The Chinese may wish to slow reserve accumulation but that would require some combination of tighter credit conditions, slower growth and/or a higher currency peg. The profitability of their banking system remains poor and, as such, they can't shock the system by terminating reserves growth.

But, if one asks 'why would the Chinese want to sell dollars', you may be asking the wrong question. You maybe should ask the question 'what would force the Chinese to sell dollars' and that would relate to the reversal of "hot money" flows. The Chinese are caught between a rock and a hard place on account of poorly developed domestic capital markets and an unprofitable banking system which still sits on a pile of non-performing and uneconomic loans.

From a U.S. citizens perspective, however, this "stable disequilibrium" of Chinese vendor financing that allows us to buy their products on credit is not a benign situation. It creates a latent inflation bias into our finances since it allows the government sector in the U.S. to expand financed by debt sold to foreign central banks. We are not financing the expansion of government with our own savings so we don't "owe it to ourselves" (as if that were a good rationalization of government spending). As such, there is a strong incentive to inflate our way out of our growing debt and transfering the burden of that inflation to foreign creditors through a devaluation of the dollar.

Before U.S. citizens applaud such an "arbitrage" of the stupid foreign central banks, they should realize that such an inflation will destroy the middle class and be highly redistributive to the Wall Street class. It will also result in a "cash call" on the most leveraged owners of real estate. Nonetheless, the pain would be real. The incentives are strong on the part of the government to do just this, particularly as the end of the decade approaches and the accrual of entitlement promises becomes a real cash burden on government budgets.

The moral of the story – you can't create money and credit at a multiple of nominal income growth (running at 4x in the U.S. across the full cycle) without reaping the consequences of having accelerated consumption on such a scale. Take your pick – inflate or deflate but the status quo is only supported by an acceleration of debt growth relative to income growth. We are leaving our children with a legacy of debt servicing costs that will endanger their standard of living.

The two things that the Founding Fathers warned us against were leaving future generations with our debt and intervening in the affairs of other nations. We have ignored those warnings as our hubris, built on their success, has made us impervious to criticism. Let us see what the consequences of this will be…

Stefan Karlsson January 19, 2006 at 12:48 pm

I don't think we need to worry about the Chinese suddenly dumping all their dollar assets. The Chinese are not kamikazes and know that would create economic disruptions harmkful to them.

I nevertheless think they should give up the peg or alternatively revalue it to a much higher level ( 6 or 7 to the dollar). While I can understand their reluctance to having the yuan subjected to the erratic currency fluctuations we normally see on the currency market, the current situation is unsatisfactory for both sides.
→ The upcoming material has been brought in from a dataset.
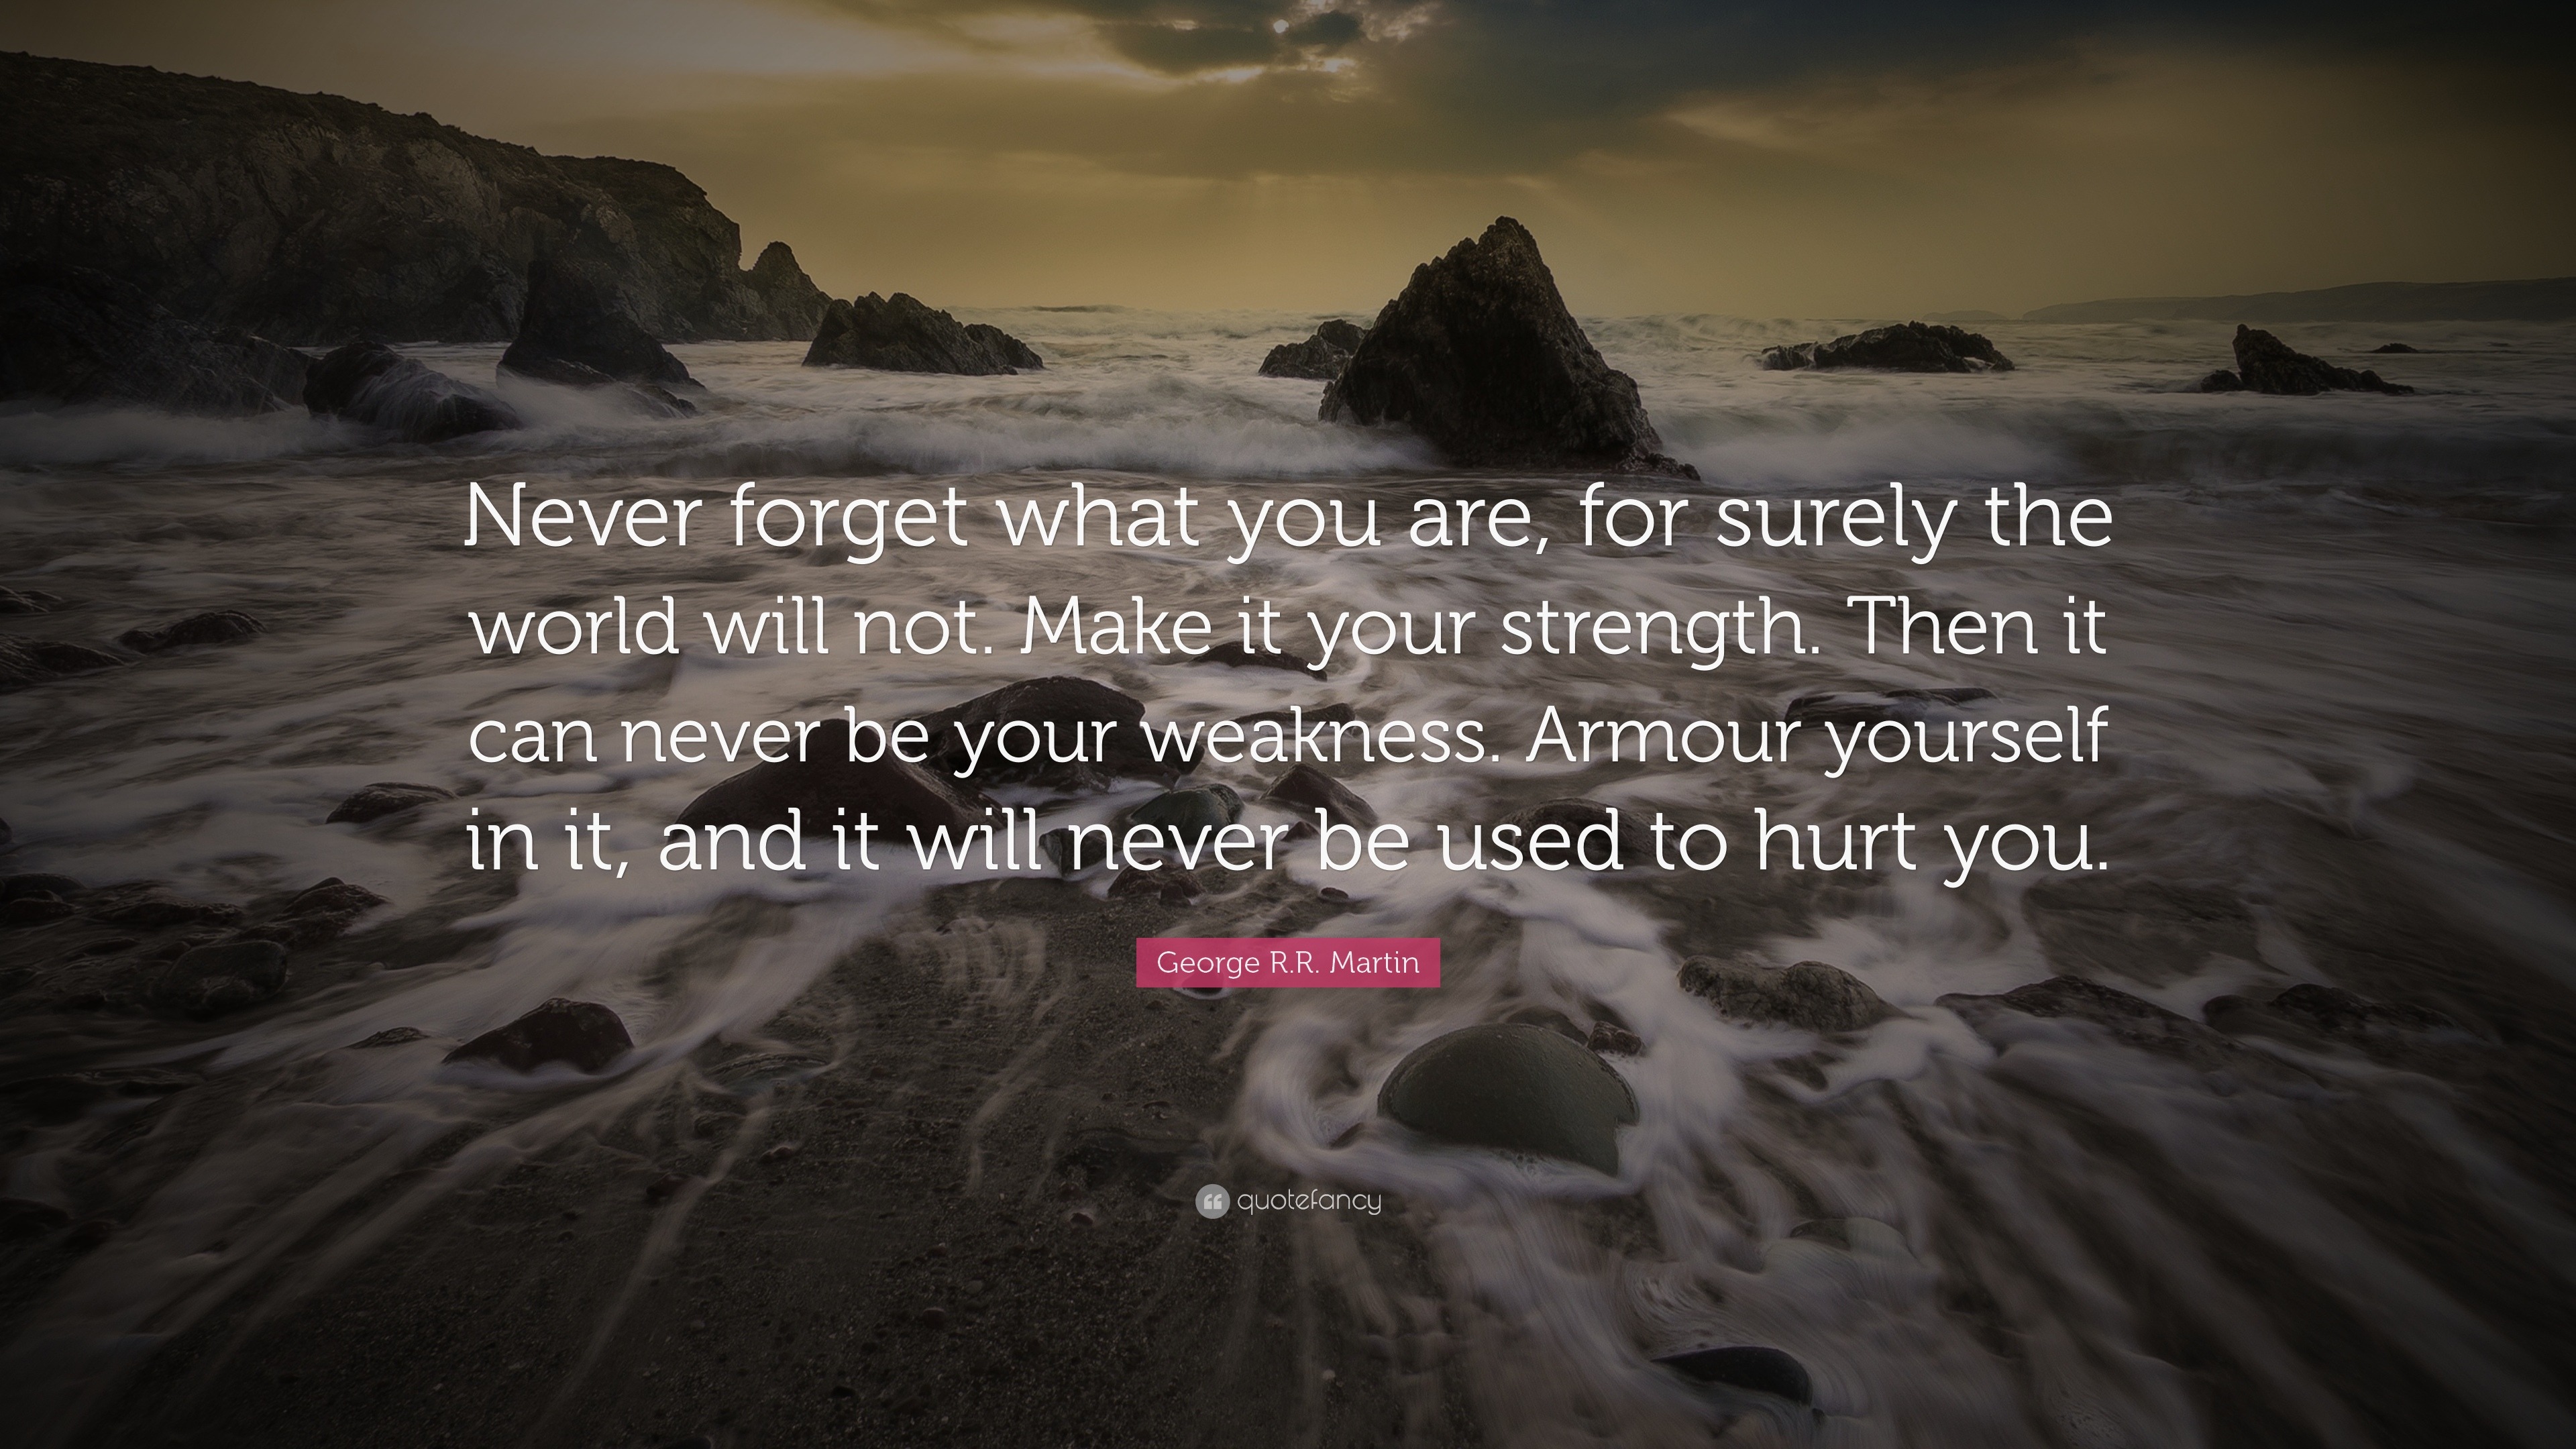 George R.R. Martin Quote: “Never forget what you are, for surely the

The Chinese have become over-dependent upon exporting to the U.S. making them vulnerable to the likes of Senator Schumer during the coming recession. The U.S. on its hand have seen bond yields artifically depressed, helping to fuel a housing bubble. A sharp revaluation would mean that the build-up of Chinese foreign exchange reserves would be dramatically reduced, if not halted or partially reversed, both because of the likely reduction in the Chinese trade surplus and because it would end and indeed reverse the flow of "hot money" now pouring into China betting on a future revaluation.

Gotham Image January 22, 2006 at 5:58 pm

"…for the many valuable goods that we bought from producers in that country is green-ink-smeared paper. We got electronics, textiles, and other things that make our lives better; in return, China got lots of miniature, monochrome portraits of dead American statesmen."

Granted, I don't have your expertise, but neither do most people and ultimately how most people see these issues, will affect how policy evolves. Now, it seems that China is holding, not just portraits of American statemen, but the full faith and credit of the American economy. The actual portraits are not what the currency is about. Also, in exchange for our full faith and credit, we are receiving goods. You note those goods are valuable. But those consumer goods are depreciable assets, while the currency and other intangible assets of a rising economy are appreciable assets. But, if we continue to exchange the value added aspects of our economy and the high wages that manufacturing those value added products, in exchange for the production of depreciable consumer finished goods, from low wage labor overseas, then do we not risk our future economic growth and by being in debt, don't we risk controlling our destiney? Not saying that I know, but I think these are legitimate questions that will be raised because they will be on peoples minds.